▶ Work order: Copy every line of the data exactly, keeping out any picture.
== Segment start ==
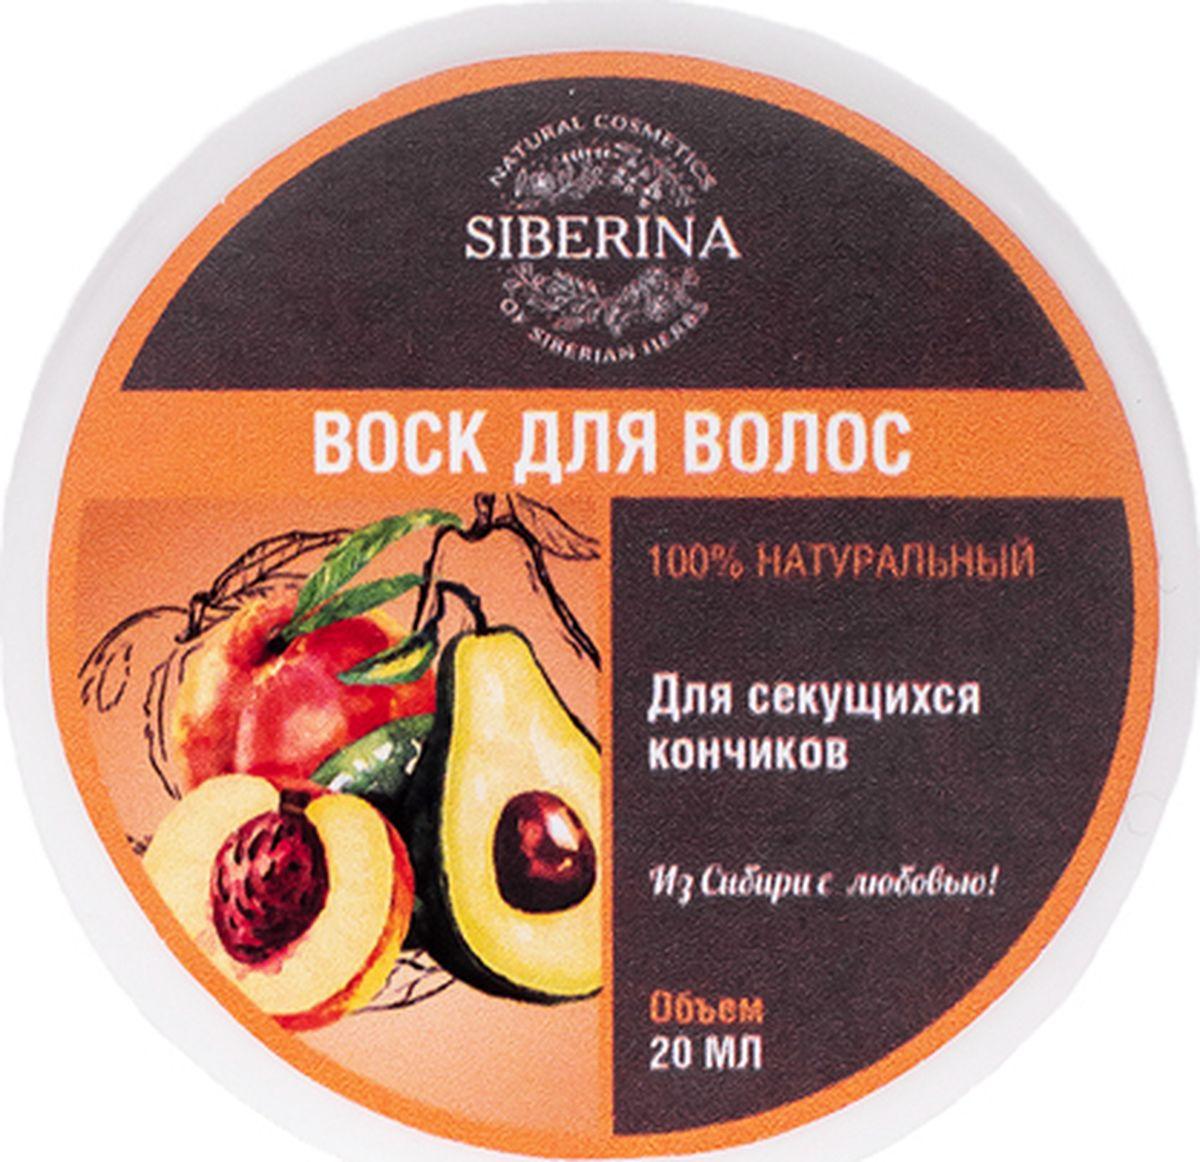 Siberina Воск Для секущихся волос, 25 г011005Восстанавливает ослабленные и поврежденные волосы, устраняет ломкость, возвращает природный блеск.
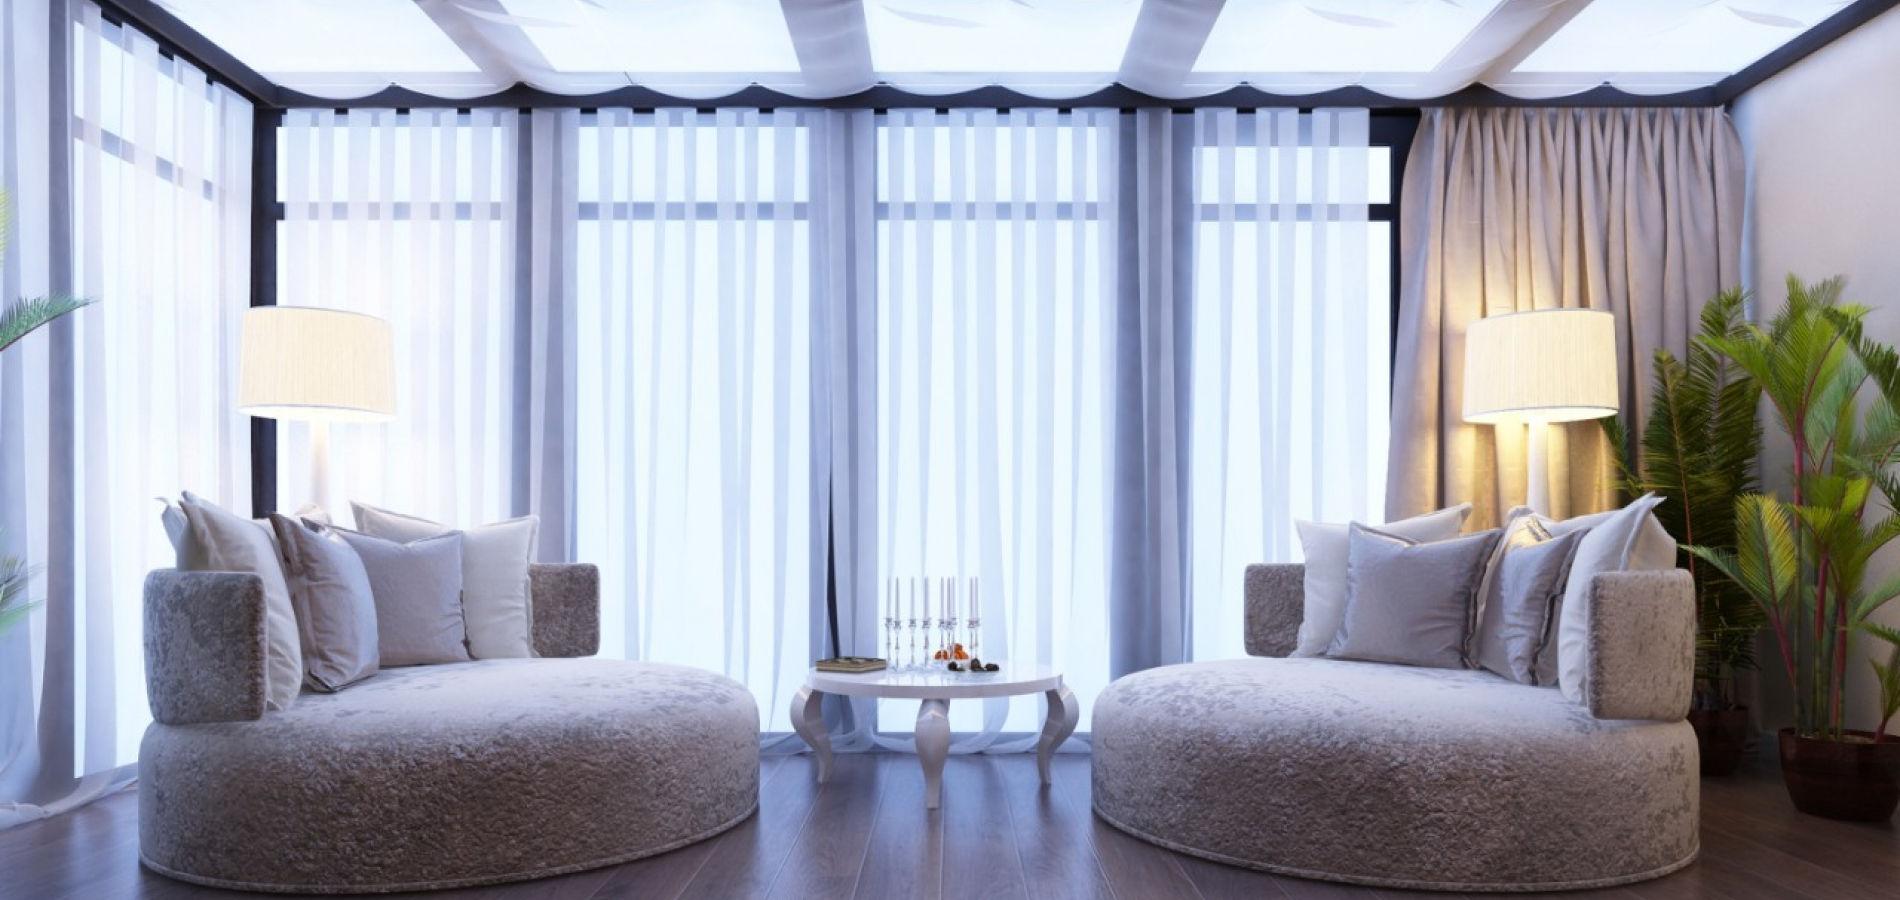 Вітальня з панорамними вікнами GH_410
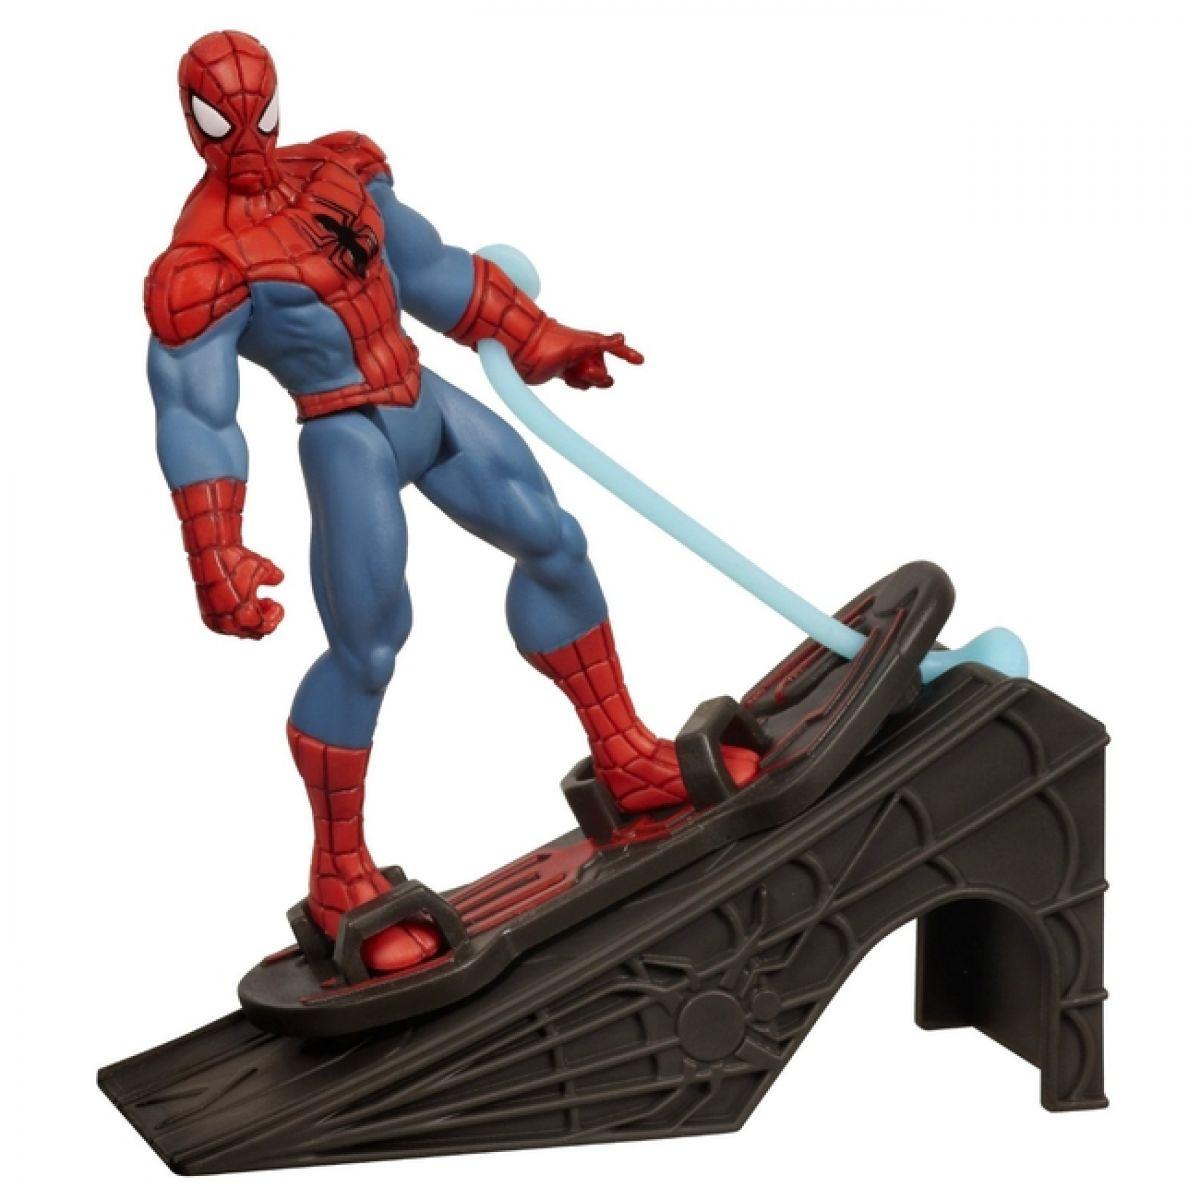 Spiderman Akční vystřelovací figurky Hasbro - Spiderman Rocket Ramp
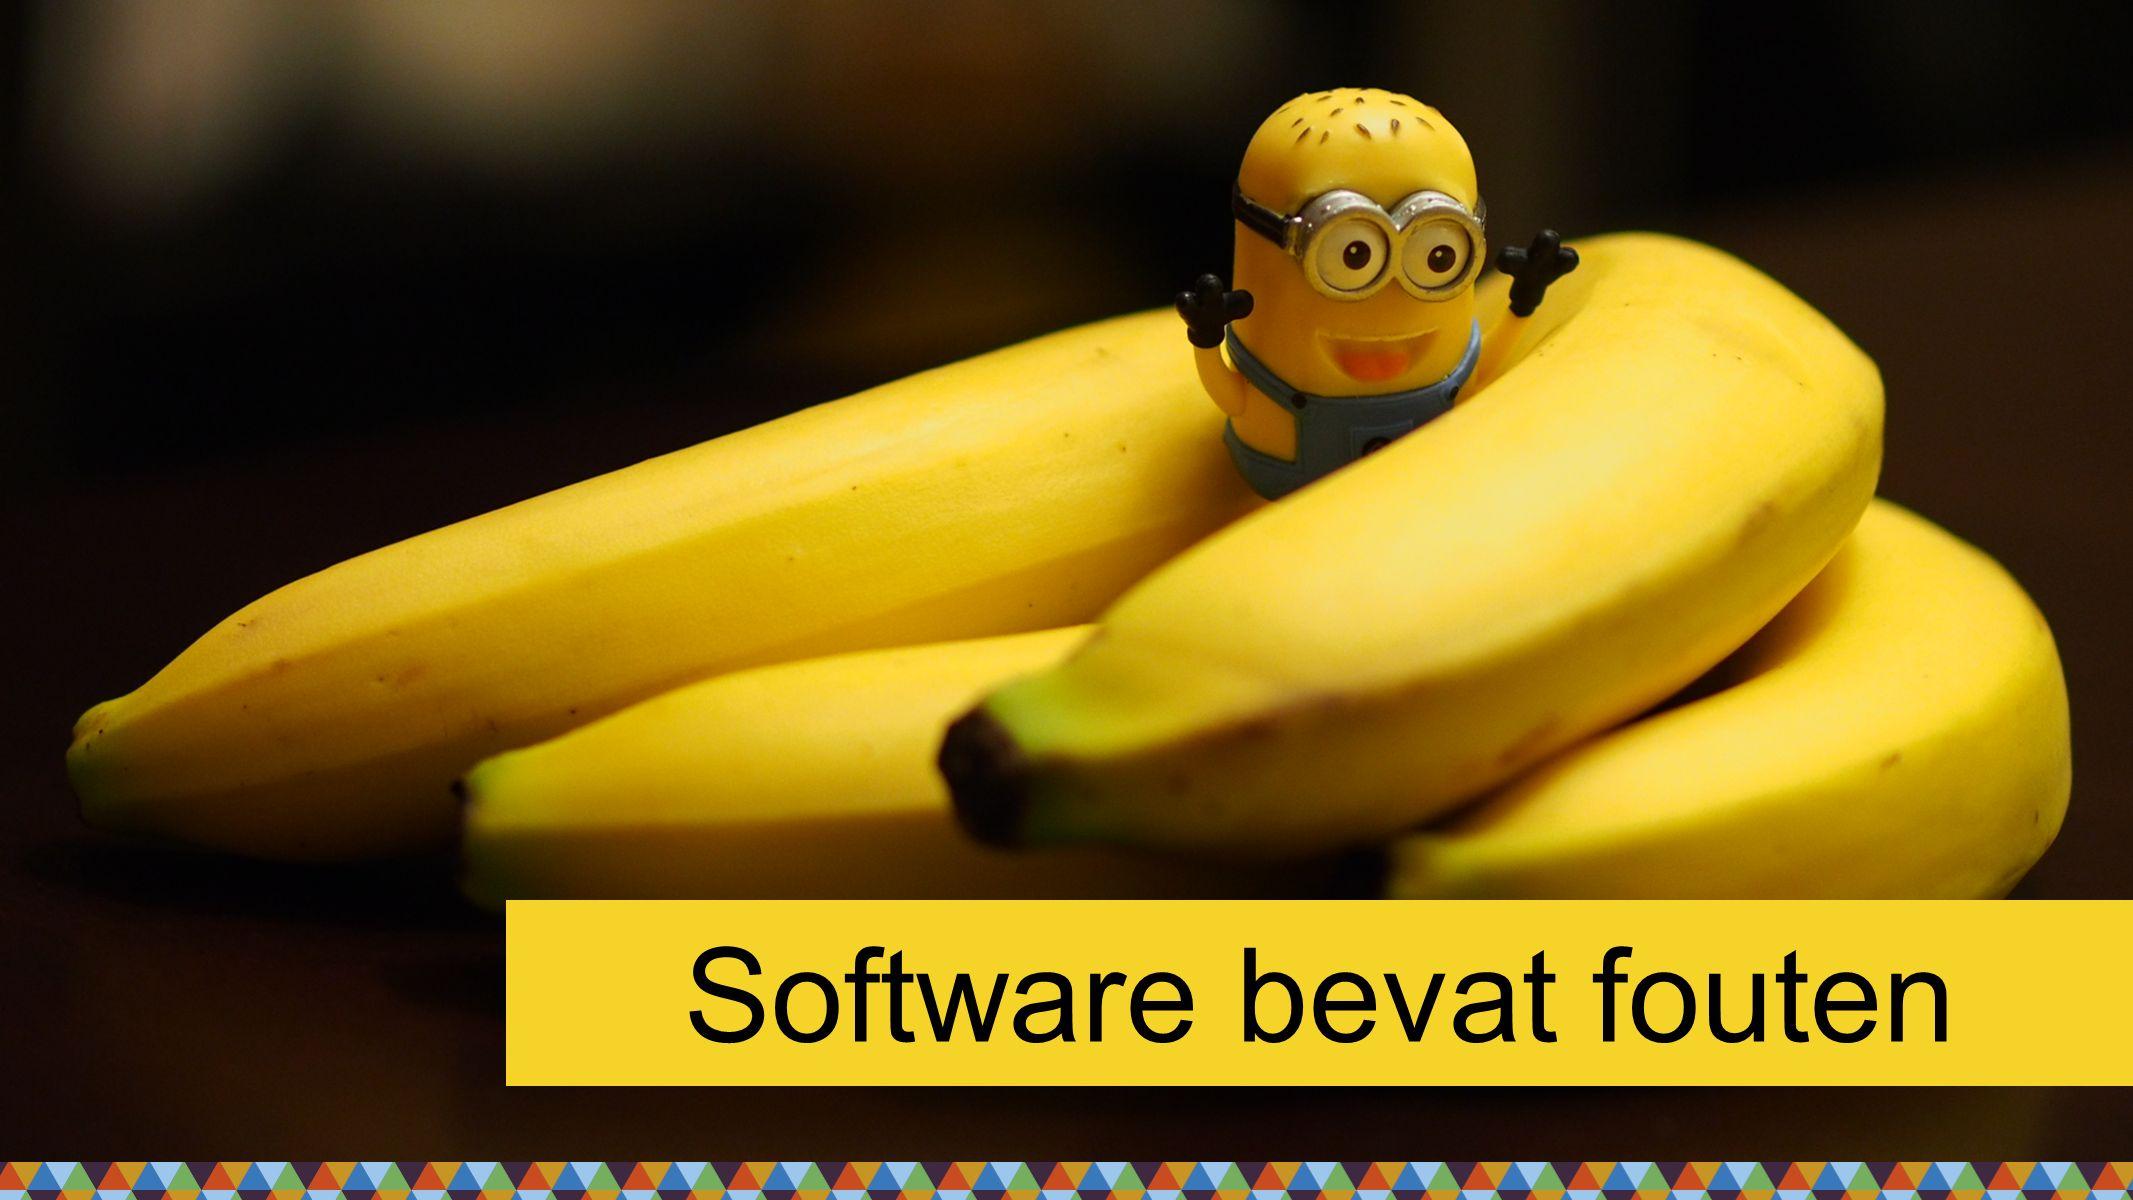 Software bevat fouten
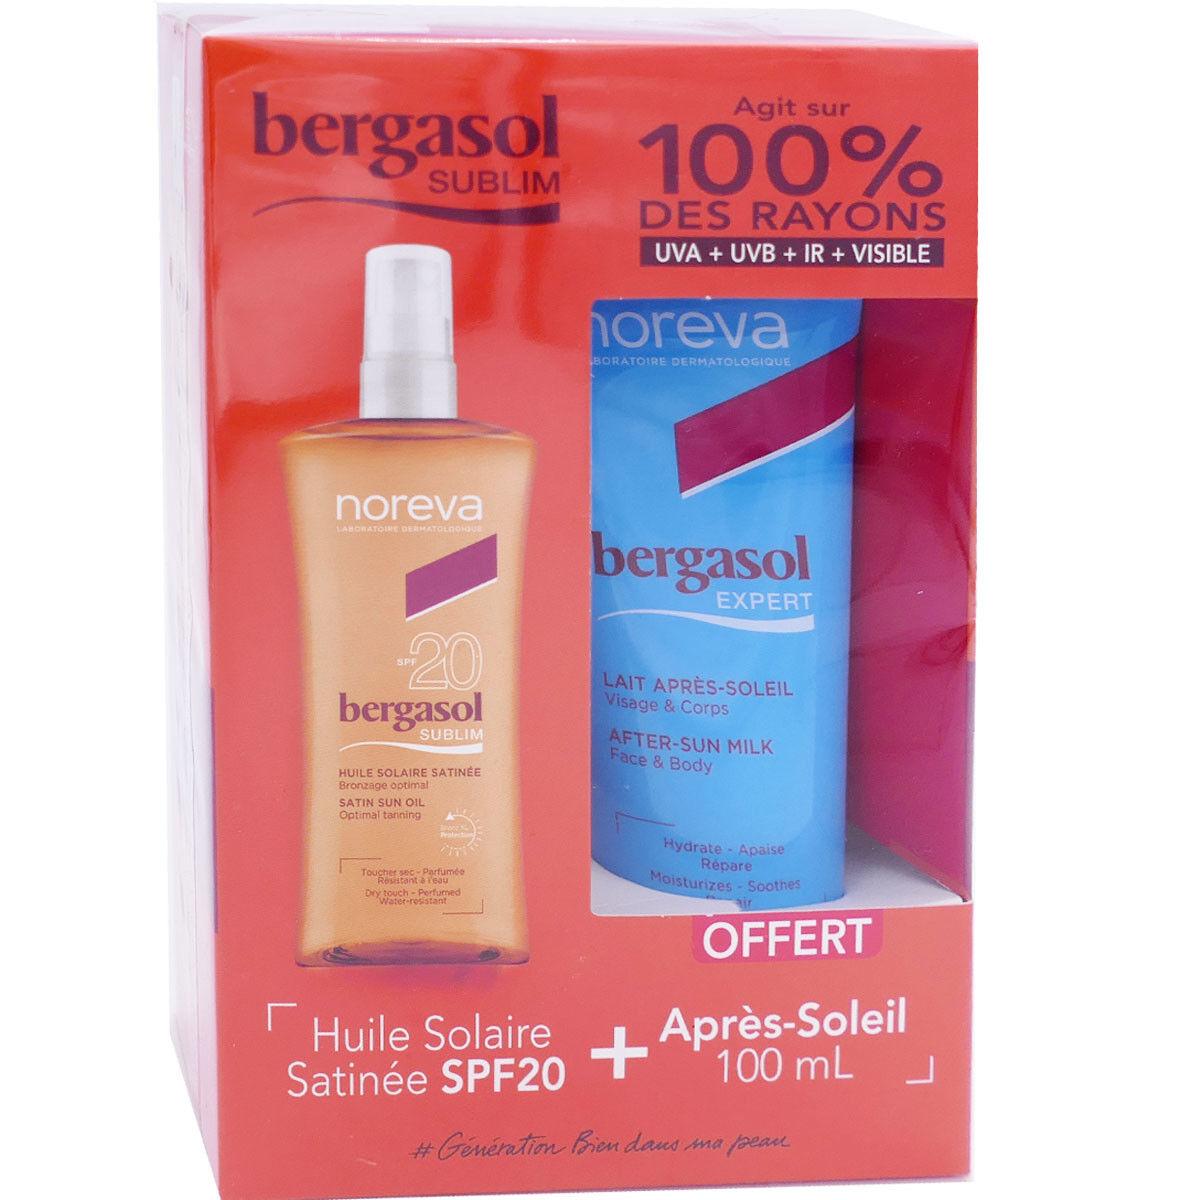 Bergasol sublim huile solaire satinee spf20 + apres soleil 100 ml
== Segment end ==
▶ Result of this task:
 Siberina Воск Для секущихся волос, 25 г011005Восстанавливает ослабленные и поврежденные волосы, устраняет ломкость, возвращает природный блеск.
 Вітальня з панорамними вікнами GH_410
 Spiderman Akční vystřelovací figurky Hasbro - Spiderman Rocket Ramp
 Software bevat fouten
 Bergasol sublim huile solaire satinee spf20 + apres soleil 100 ml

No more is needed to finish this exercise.